* _Task details_: Take the lines from the one with "A Senneh rug, Persia, circa 1890" through the last line of the material below and write them out exactly, without any pictures.
##### Source data
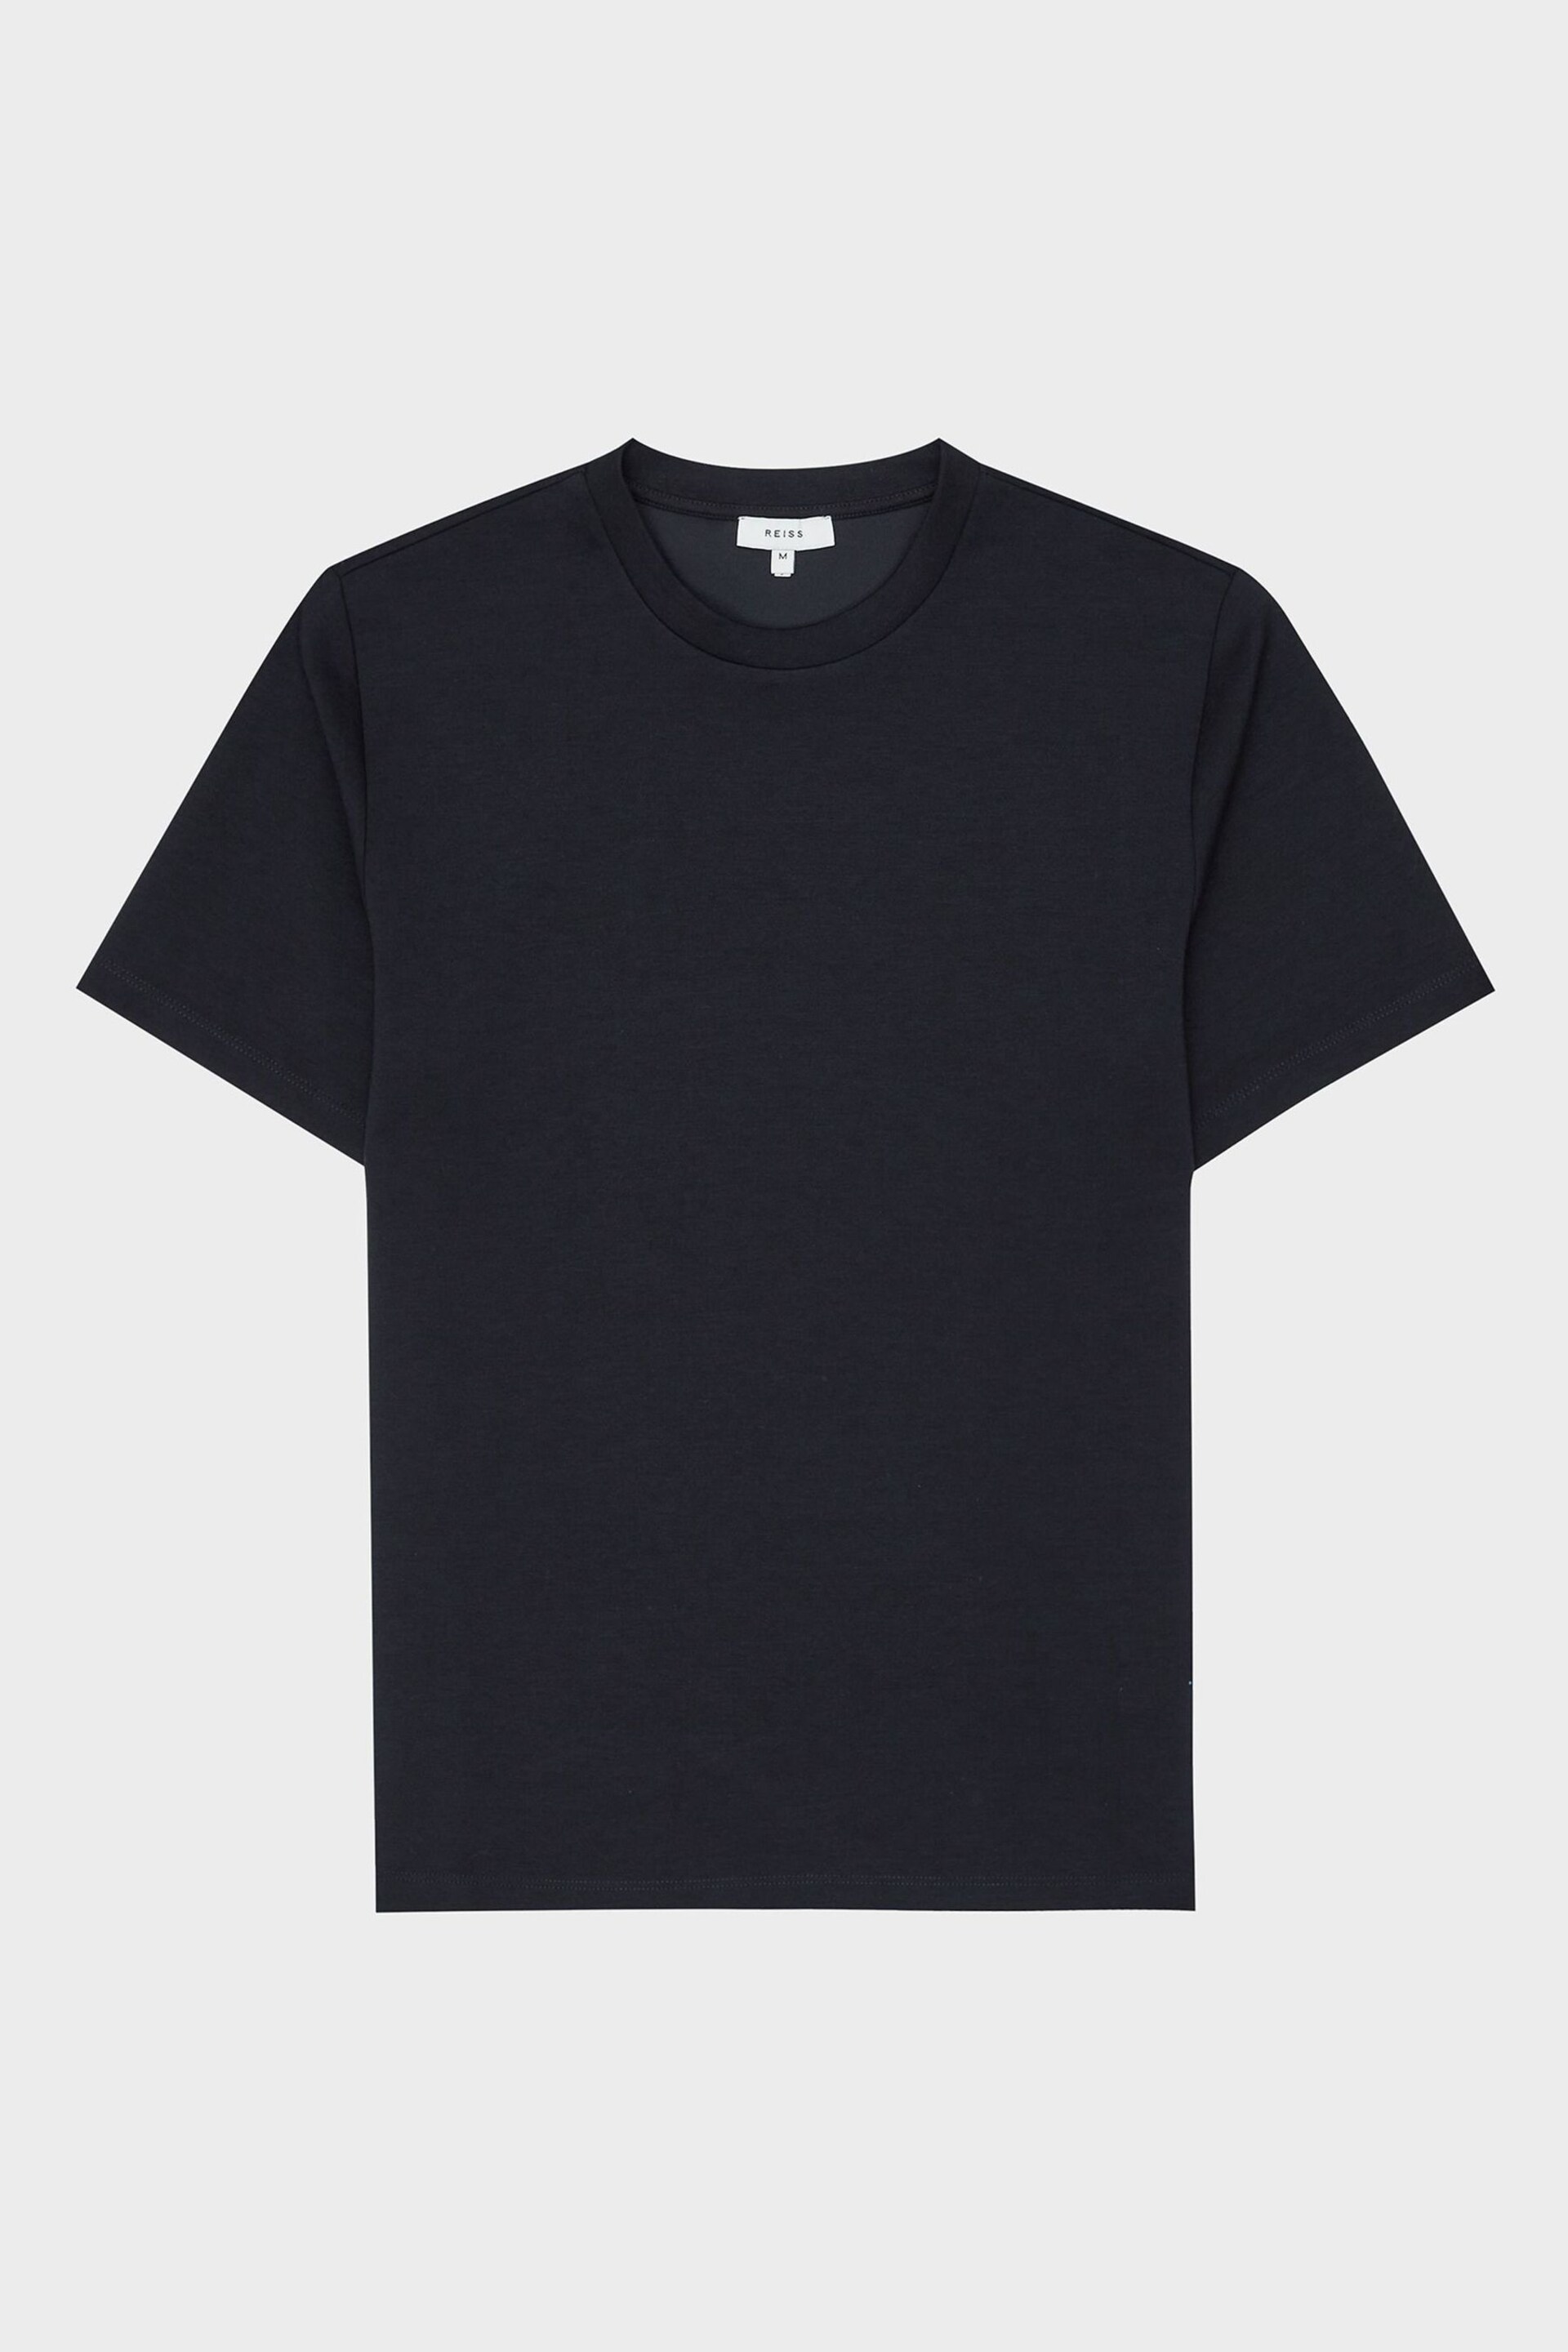 Reiss Bradley Melange Crew Neck T-Shirt - Image 2 of 3
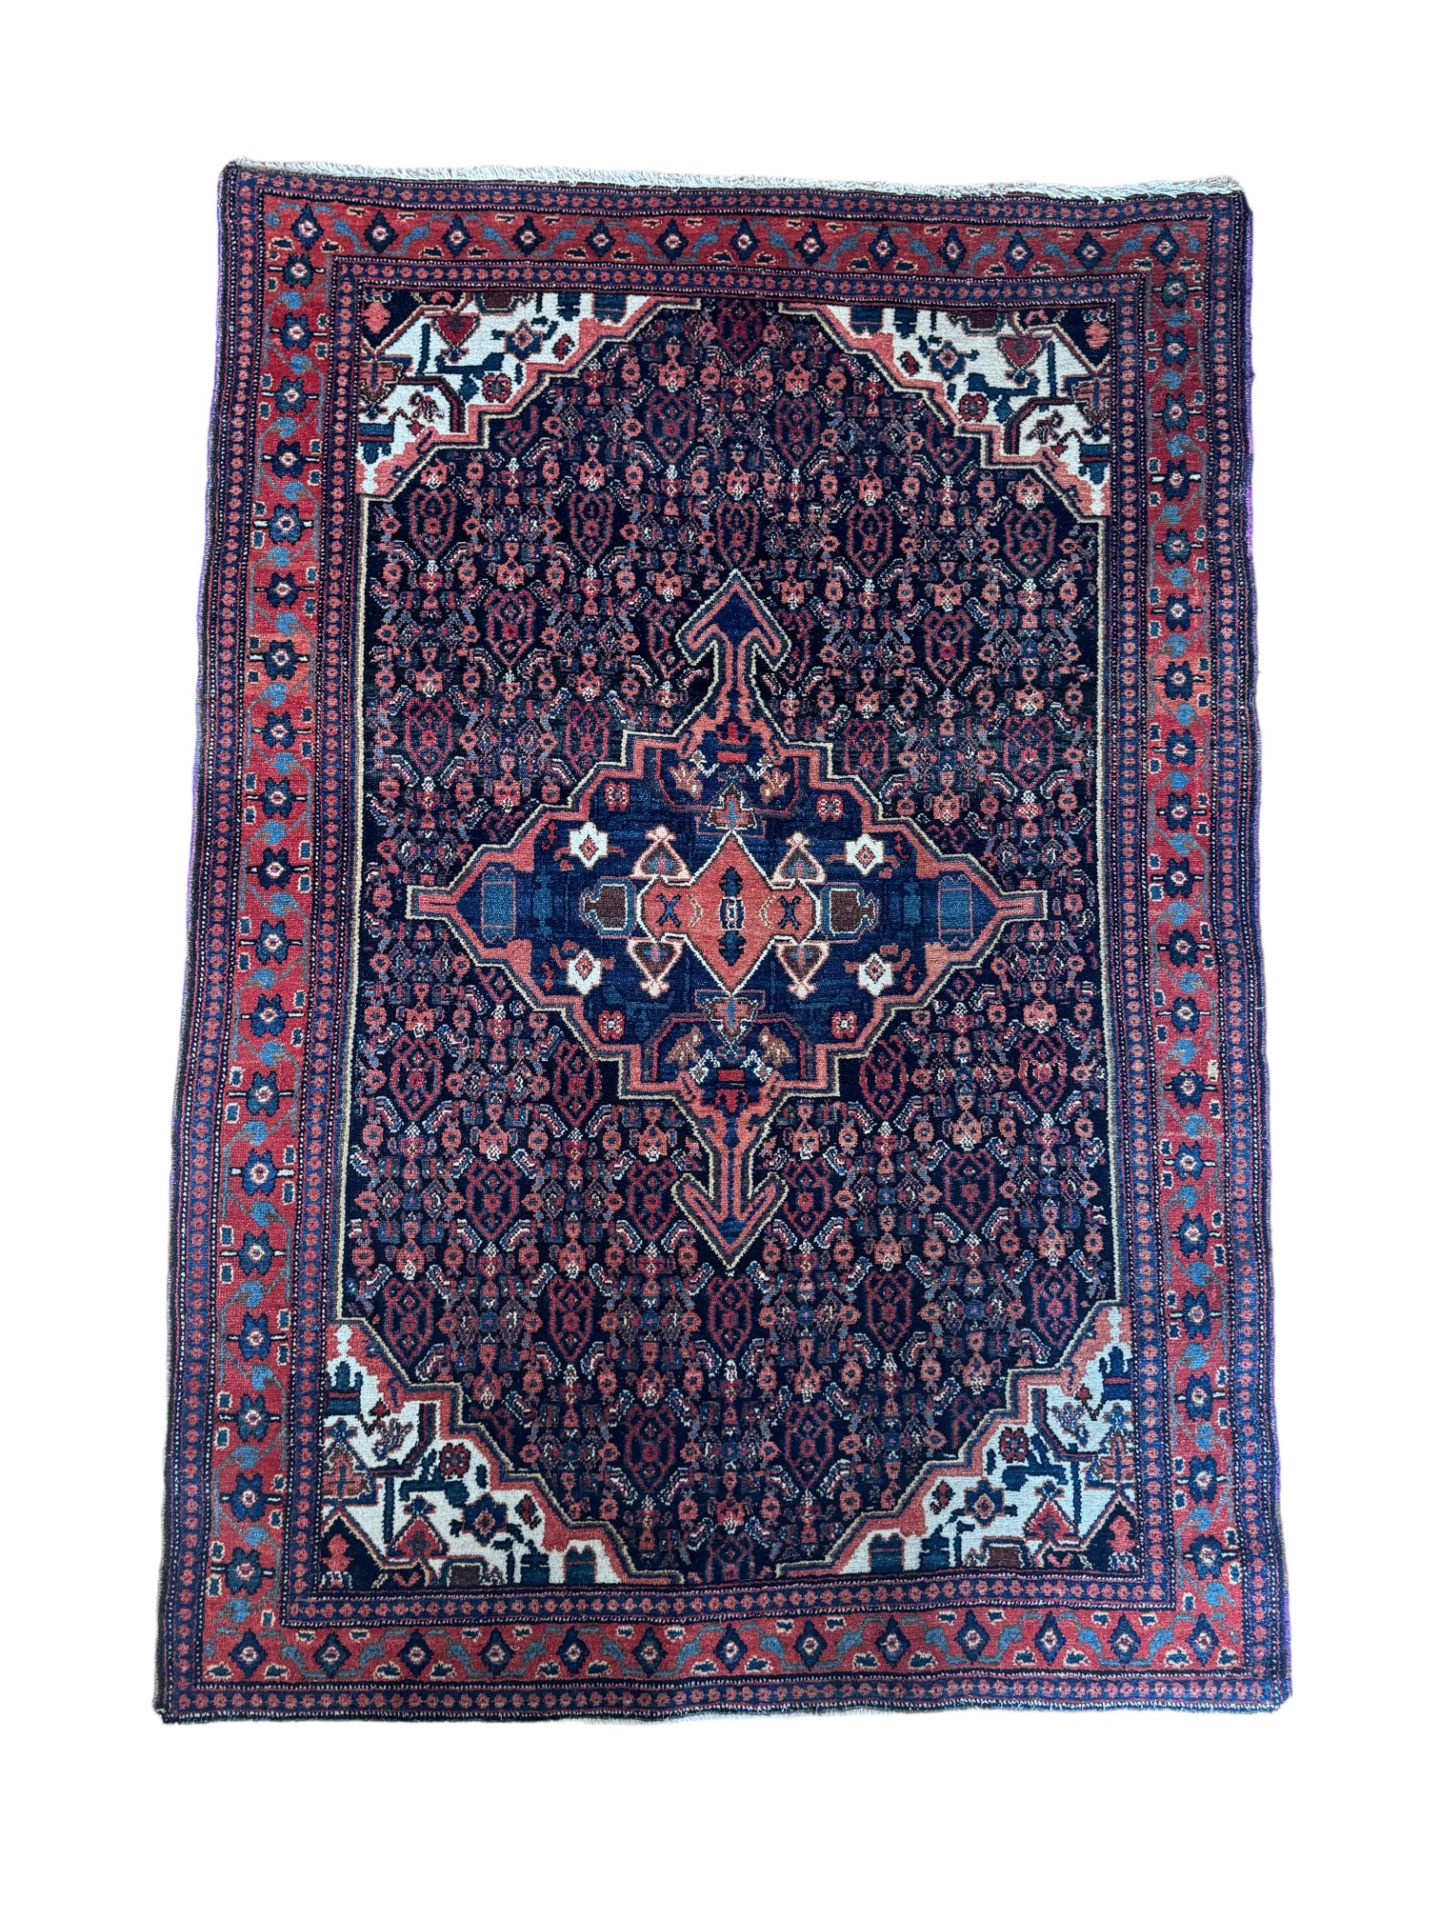 A Senneh rug, Persia, circa 1890
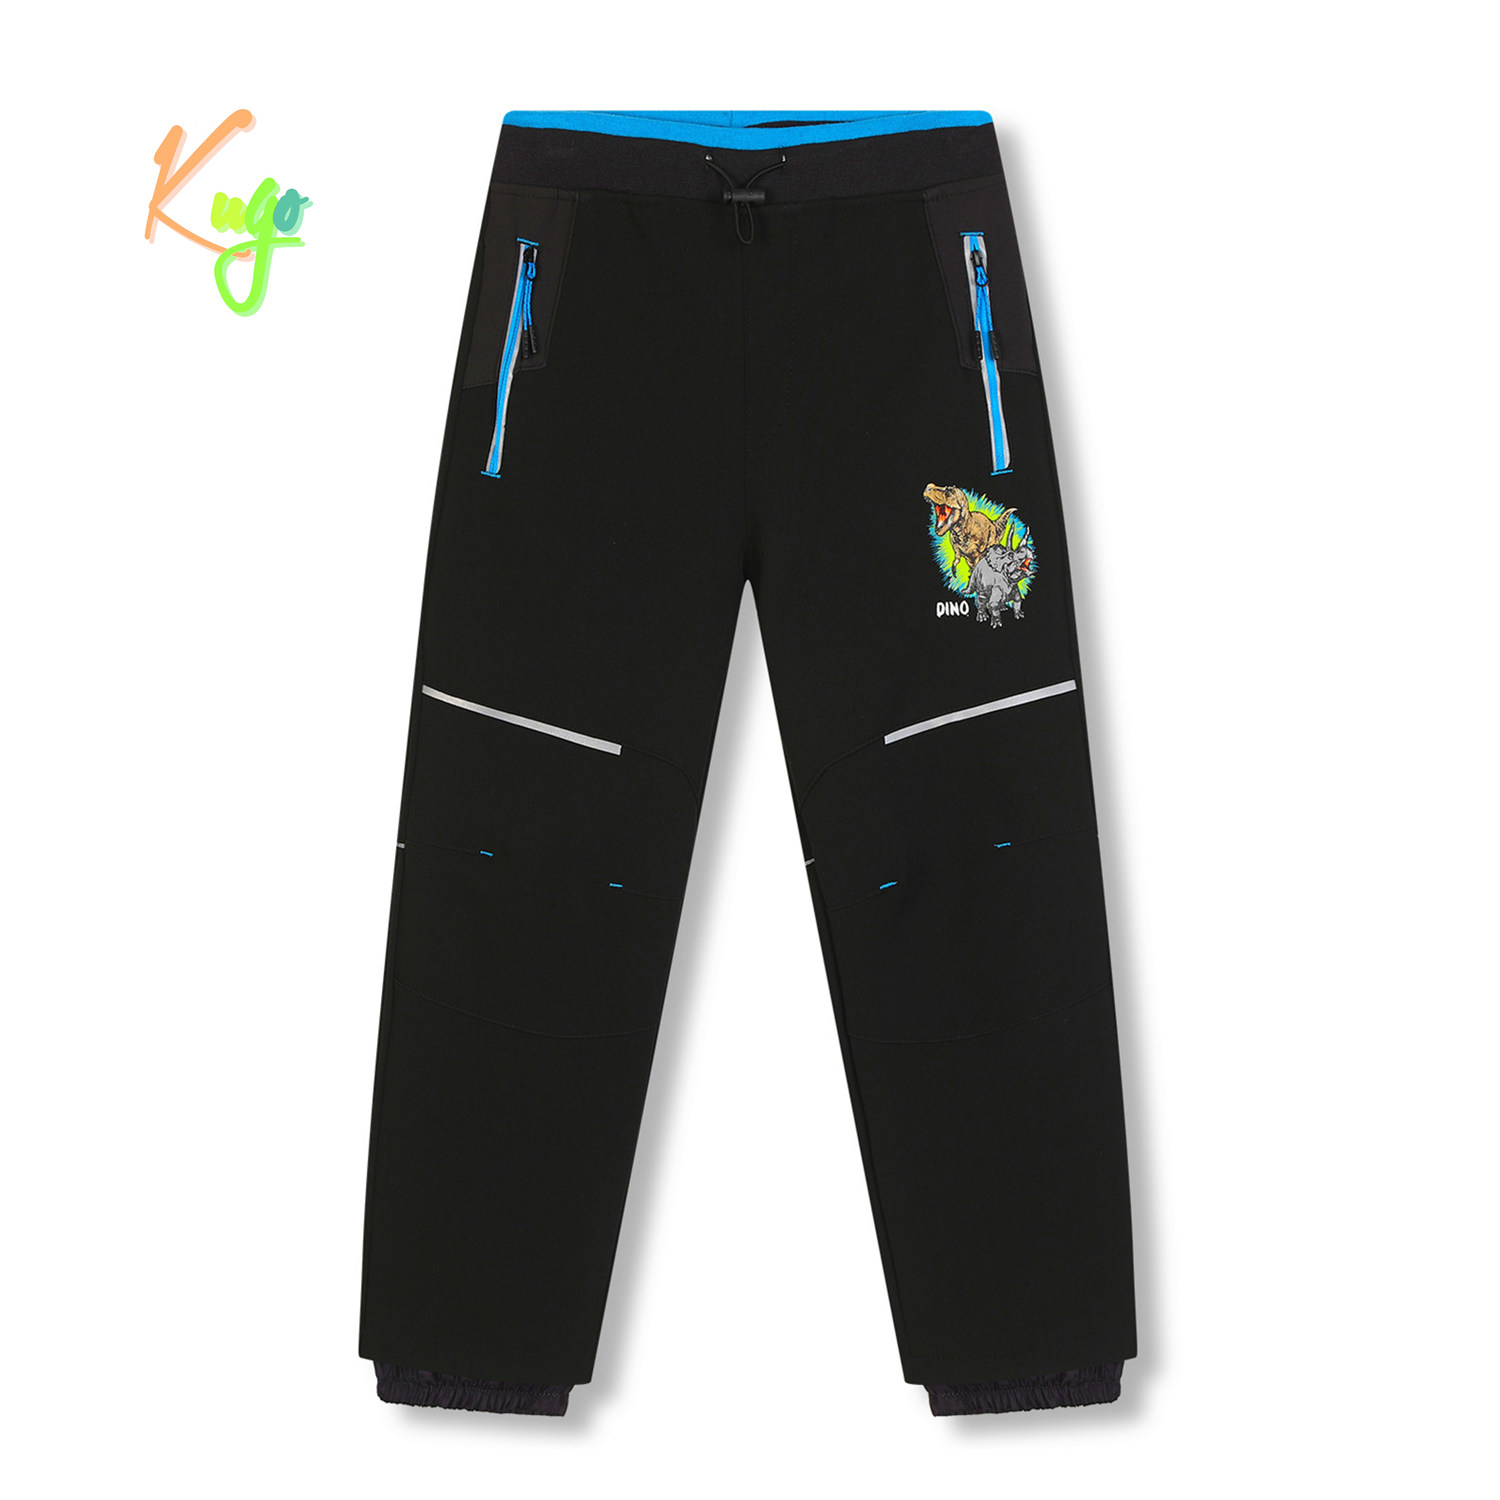 Chlapecké softshellové kalhoty, zateplené - KUGO HK5612, černá / tyrkysové zipy Barva: Černá, Velikost: 134
##########
* _Answer to the exercise_:
 A Senneh rug, Persia, circa 1890
 Chlapecké softshellové kalhoty, zateplené - KUGO HK5612, černá / tyrkysové zipy Barva: Černá, Velikost: 134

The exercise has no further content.